Third: With simple CNV, most people have two copies, while a few outliers have one or three or none. McCarroll’s team found that with extreme CNV, most people don’t have two copies but instead have CNVs scattered across a wide range.
“For a lot of these CNVs with these especially exuberant differences, two randomly chosen people are actually more likely to have different numbers of copies than the same number,” said Handsaker.
Fourth: Sequences with more copies are more likely to mutate further, expanding in copy number quickly and dramatically.
The team found what they call “runaway duplication haplotypes,” in which some versions of a chromosome have acquired as many as 10 copies of a gene over the past thousand or so generations, while other versions of the same chromosome continue to have just one copy.
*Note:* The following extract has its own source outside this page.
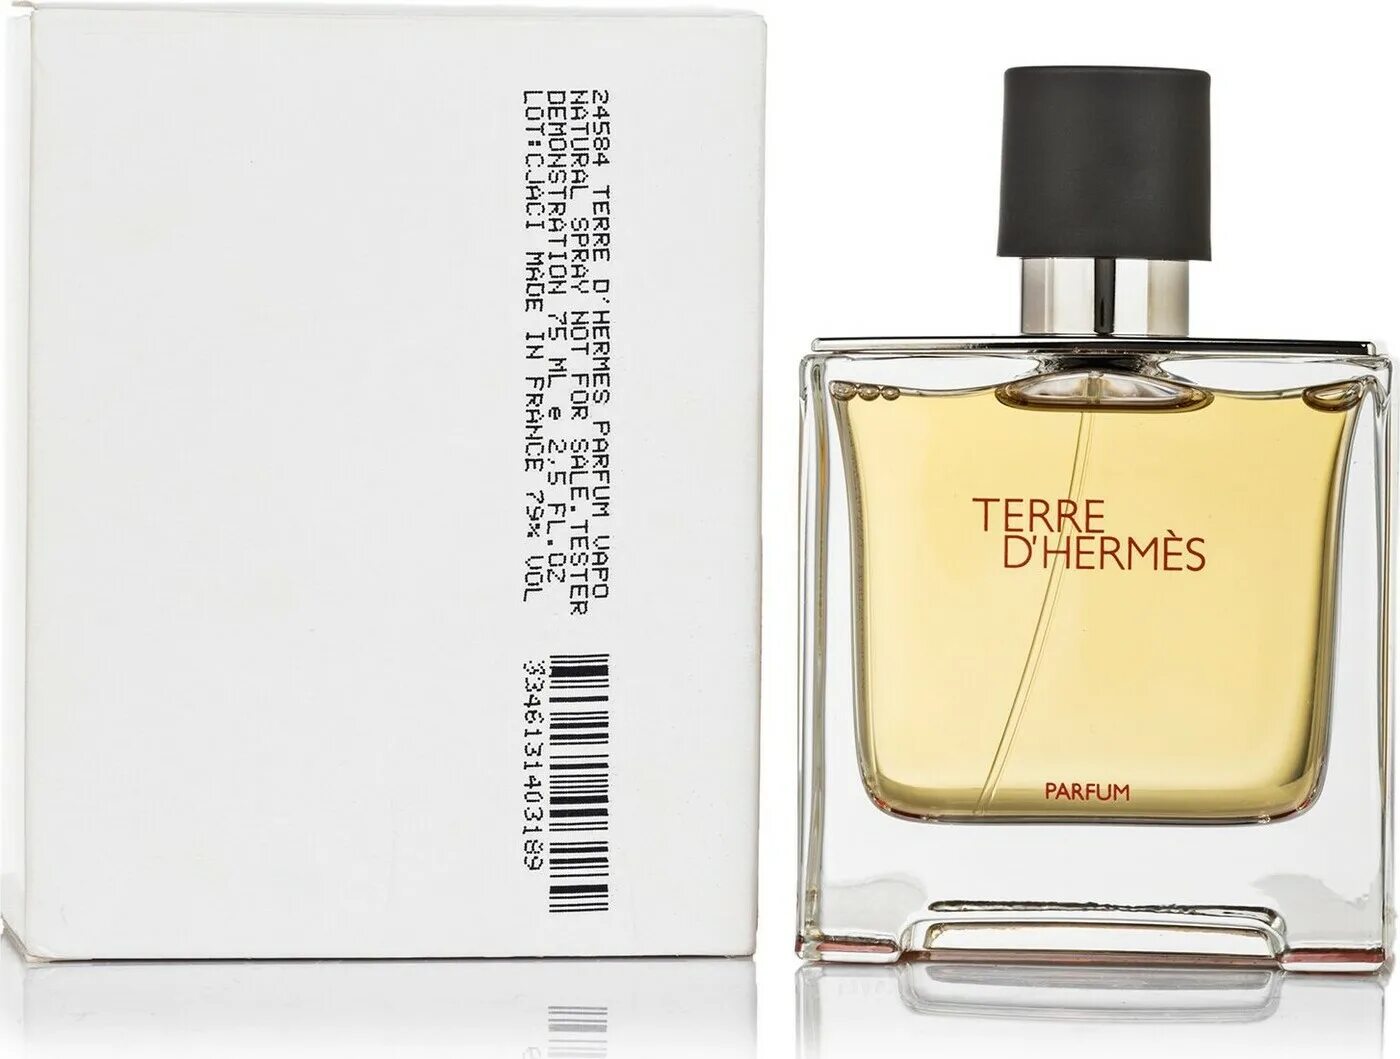 Гермес м. Hermes Terre m Tester Parfum 75ml. Terre d Hermes +Parfum 75 ml. Hermes Terre d'Hermes 75 тестер. Hermes Terre d'Hermes тестер 20 мл.

“The fast, dramatic expansion in copy number of specific genes appears to have been evolutionarily recent and geographically localized,” said McCarroll.
One gene involved in resistance to trypanosomes—parasites that cause human illnesses including sleeping sickness and Chagas disease—evolved to have a high copy number on a subset of the chromosomes in West African populations. Another gene, related to a gene that contributes to asthma resistance, evolved to have a high copy number in Europe.
“These variations show really unusual patterns in some parts of the world,” said McCarroll. “But it’s too soon to know whether they’re doing something important.”
The team is now offering to the research community “the first data resource on extreme forms of CNV and how they actually vary across a large number of people” as well as a software toolkit to analyze extreme CNV in huge sequencing data sets, McCarroll said.
“Until recently, whole-genome sequencing was quite expensive. Today, that’s changing quickly,” McCarroll added. “This work gives us a sense of the kinds of things it’s going to be possible to see in whole-genome sequences that it wasn’t possible to see before.”
Coauthor Jennifer R. Berman is an employee of Bio-Rad Inc.
This research was supported by National Human Genome Research Institute grant R01 HG006855. Additional funding from NHGRI (U01 HG006510) is supporting follow-on work to develop production-ready software that can be used by any research laboratory.